> Problem details
Below are records with pictures. Transcribe exactly, and only, the lines from the line with "BP., Shaker Stitch" to the line with "Gon Freecs and", both ends included, but not the pictures.
::: Available records :::
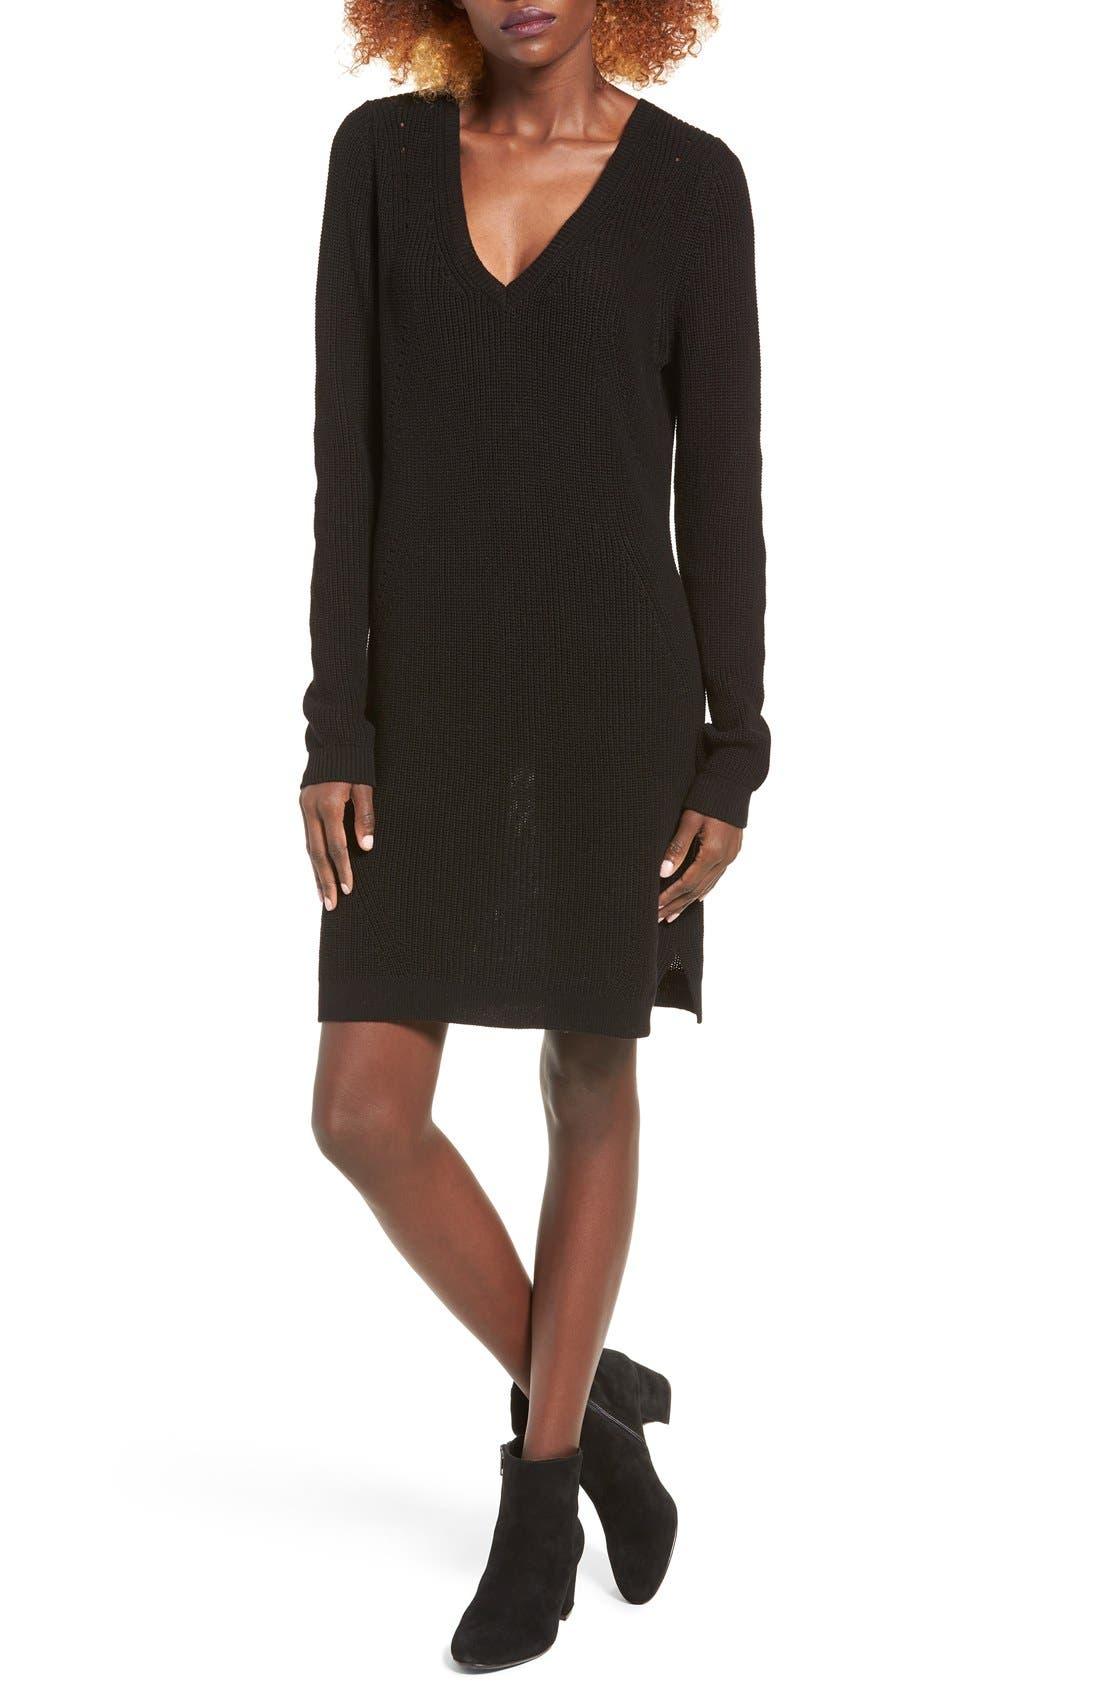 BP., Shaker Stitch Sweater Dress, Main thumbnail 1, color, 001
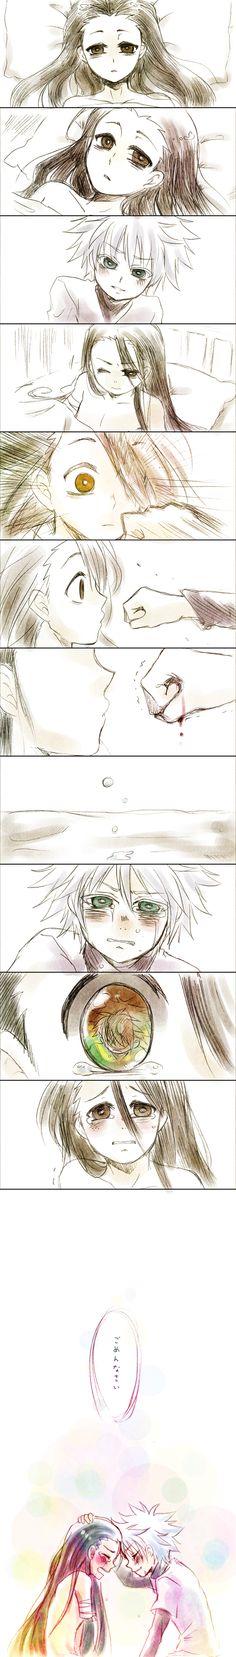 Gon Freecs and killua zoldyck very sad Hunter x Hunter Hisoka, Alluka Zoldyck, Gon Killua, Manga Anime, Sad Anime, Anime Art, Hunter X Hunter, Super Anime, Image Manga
:::
::: Available records :::
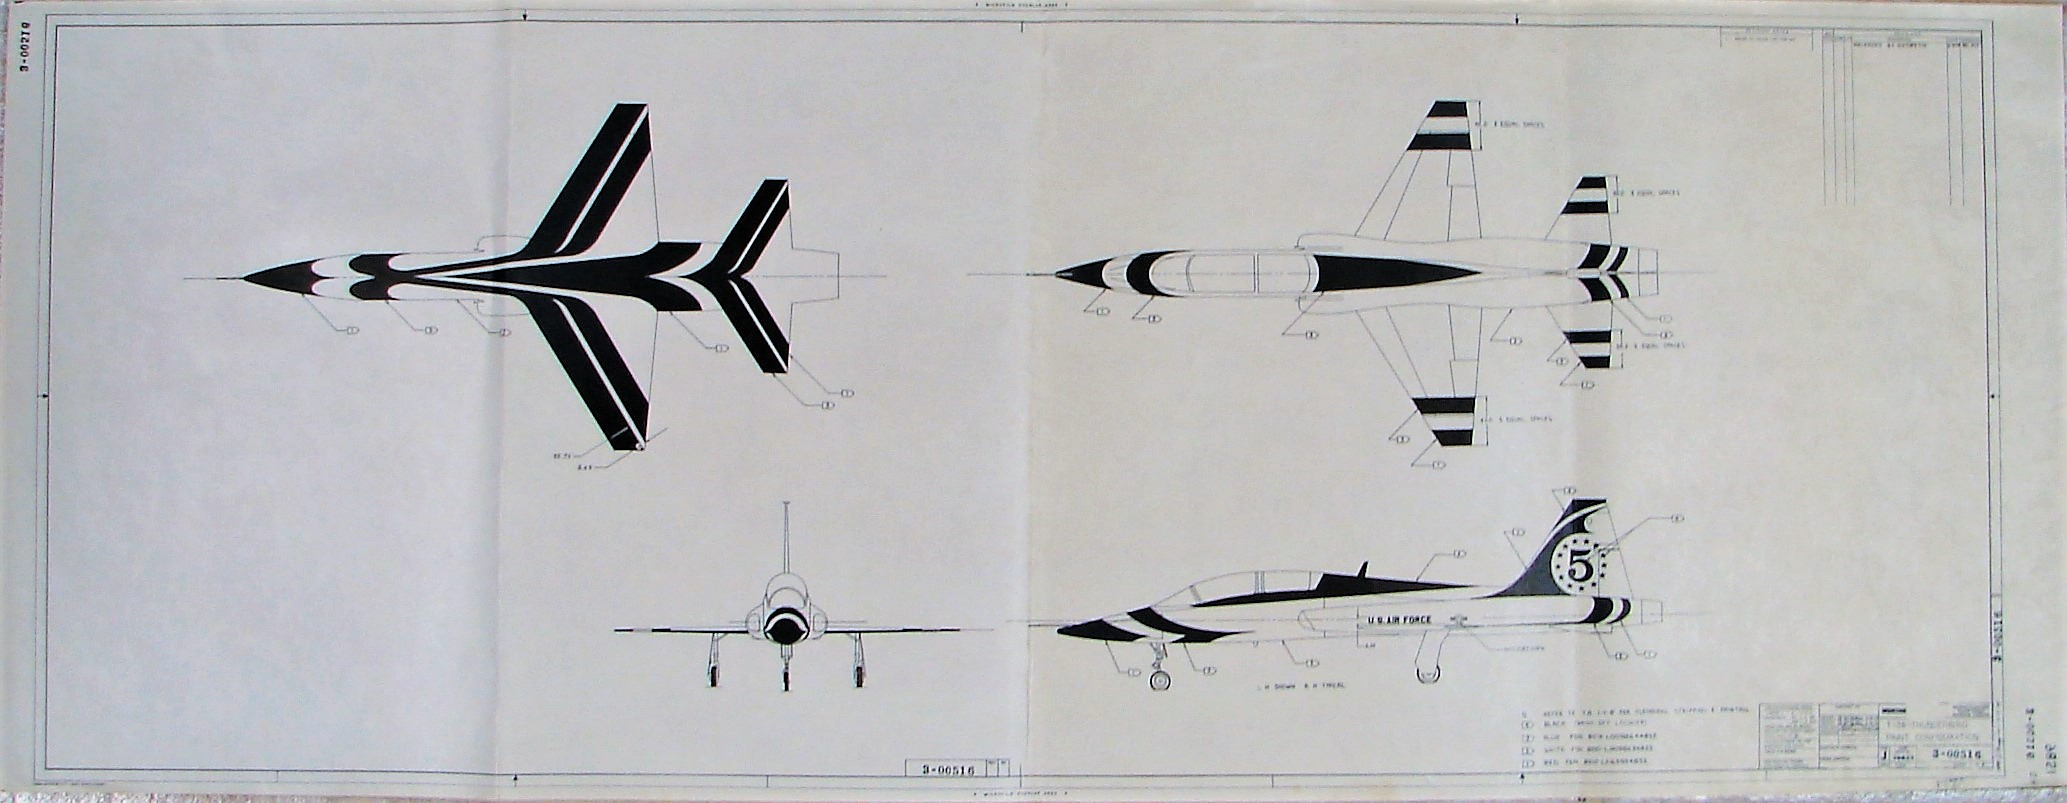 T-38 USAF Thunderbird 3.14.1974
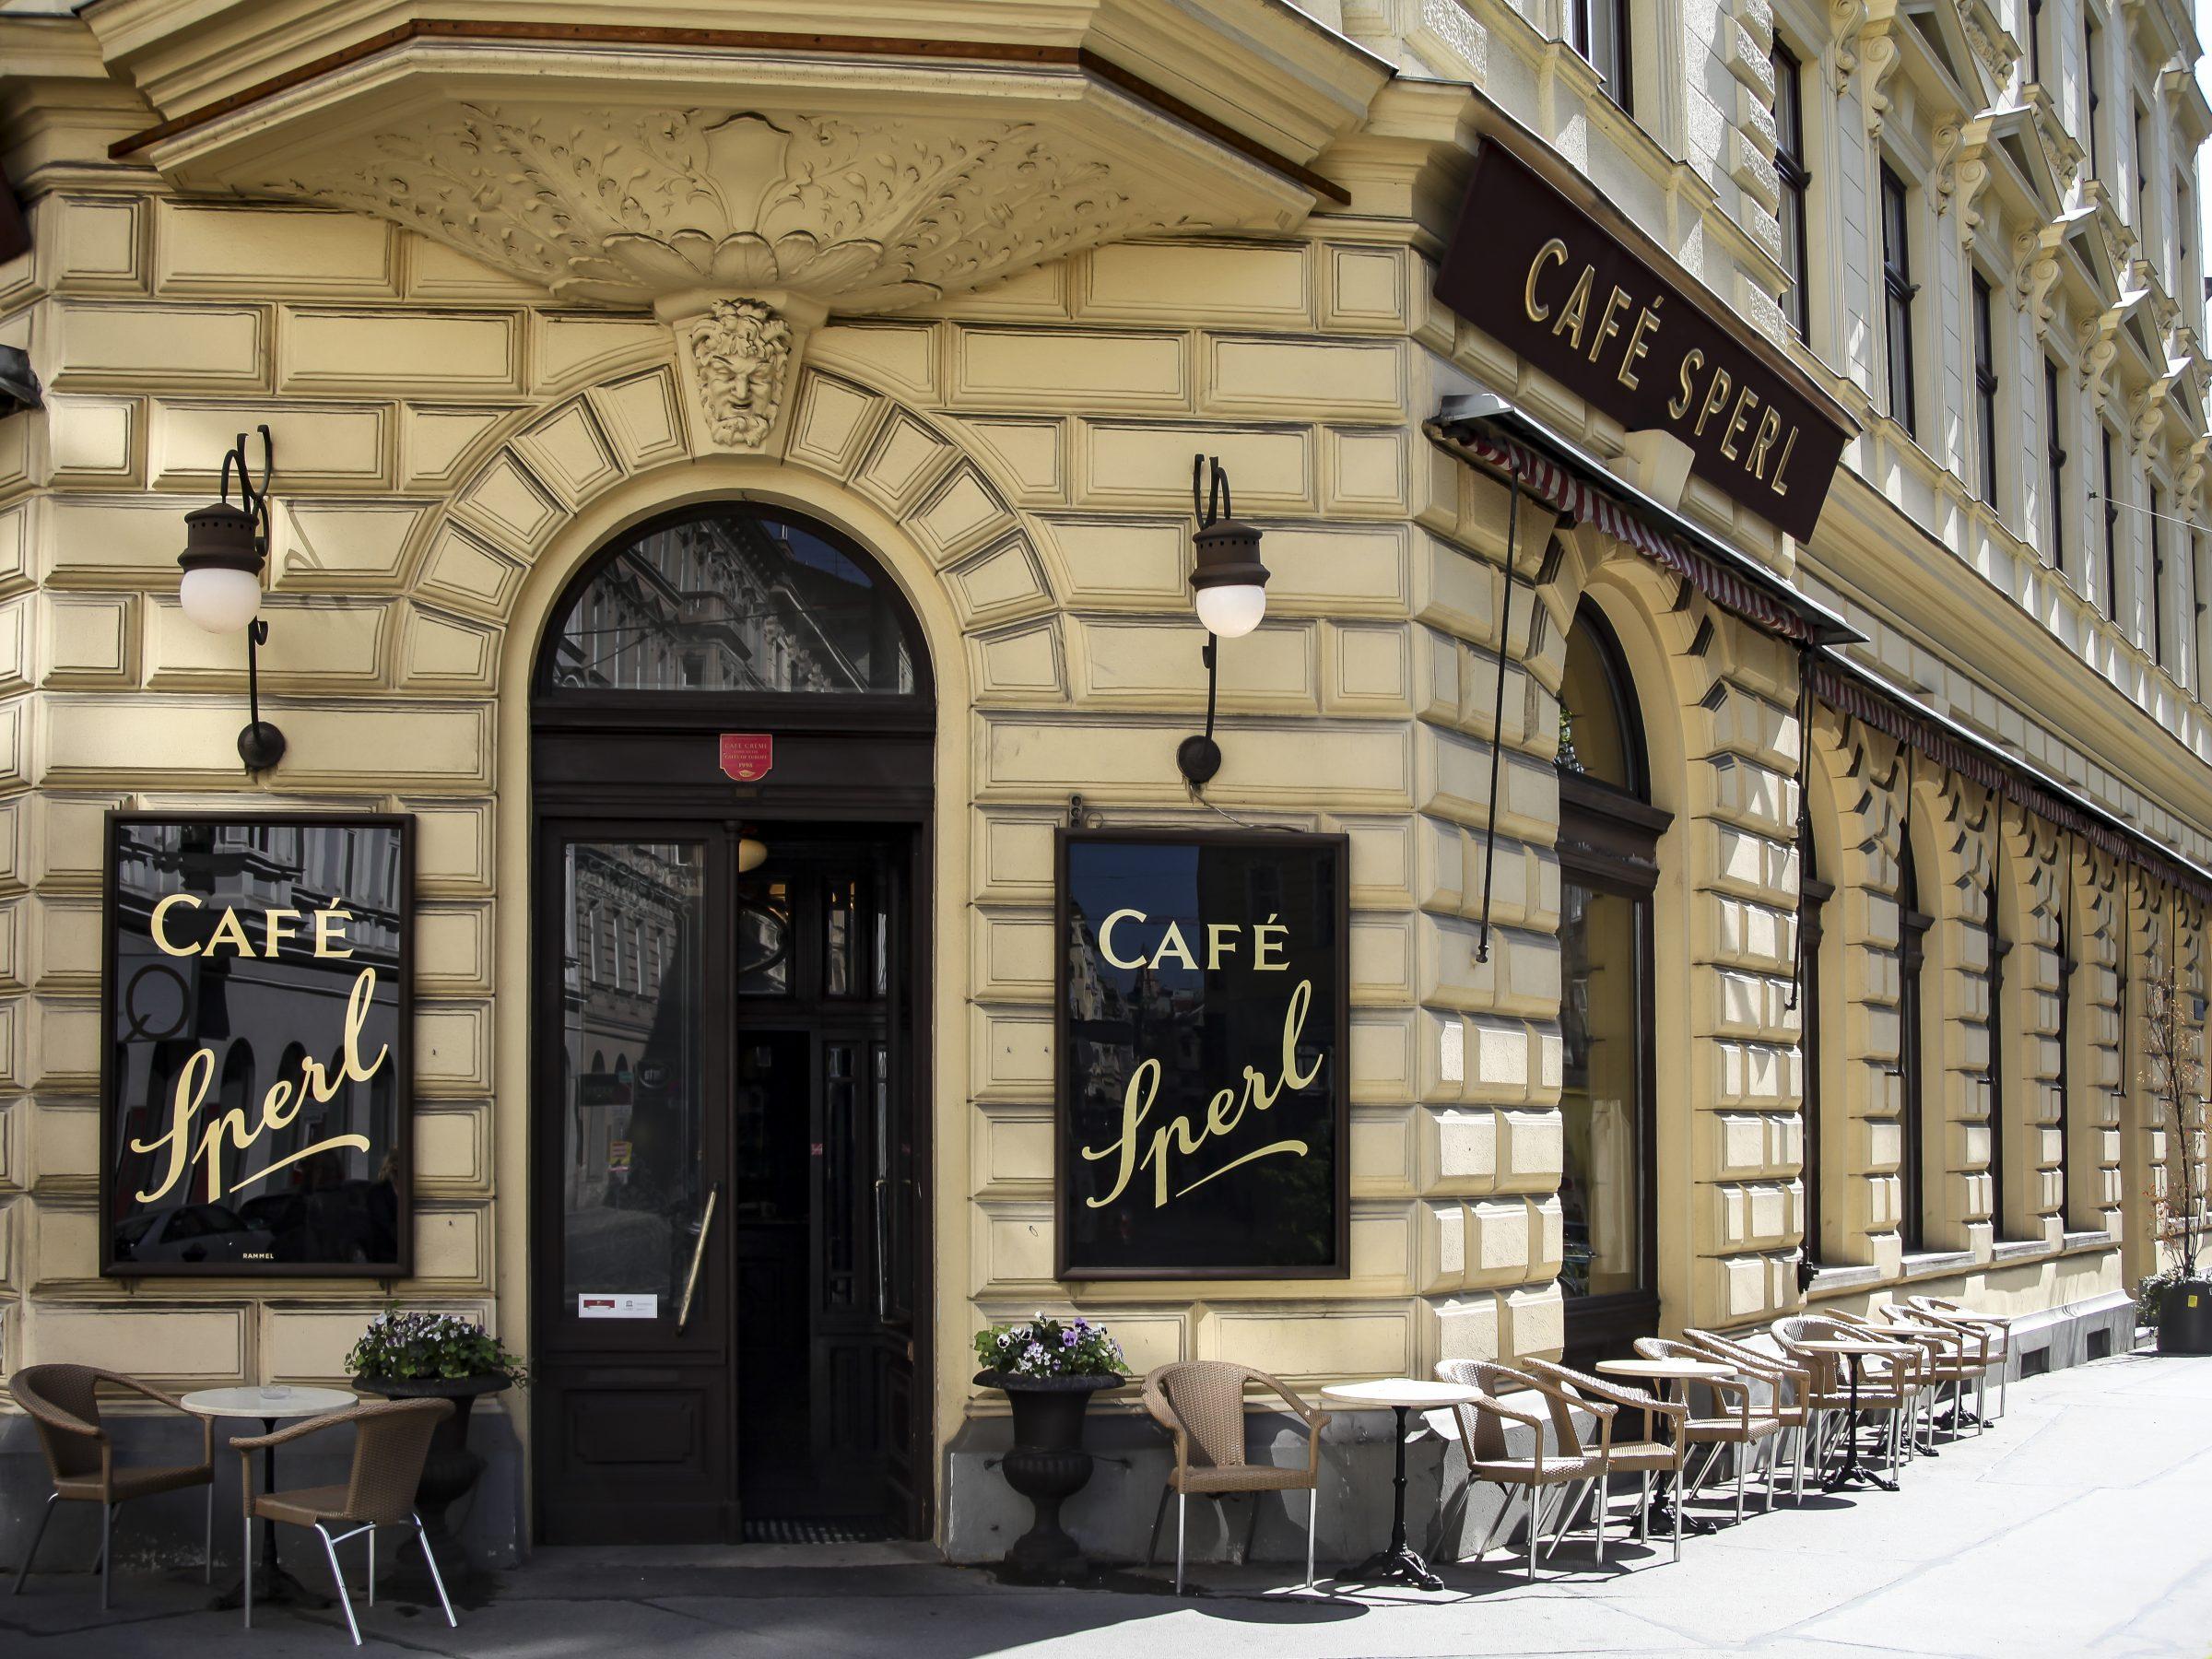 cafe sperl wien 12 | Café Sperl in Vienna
:::
> Exercise result
 BP., Shaker Stitch Sweater Dress, Main thumbnail 1, color, 001
 Gon Freecs and killua zoldyck very sad Hunter x Hunter Hisoka, Alluka Zoldyck, Gon Killua, Manga Anime, Sad Anime, Anime Art, Hunter X Hunter, Super Anime, Image Manga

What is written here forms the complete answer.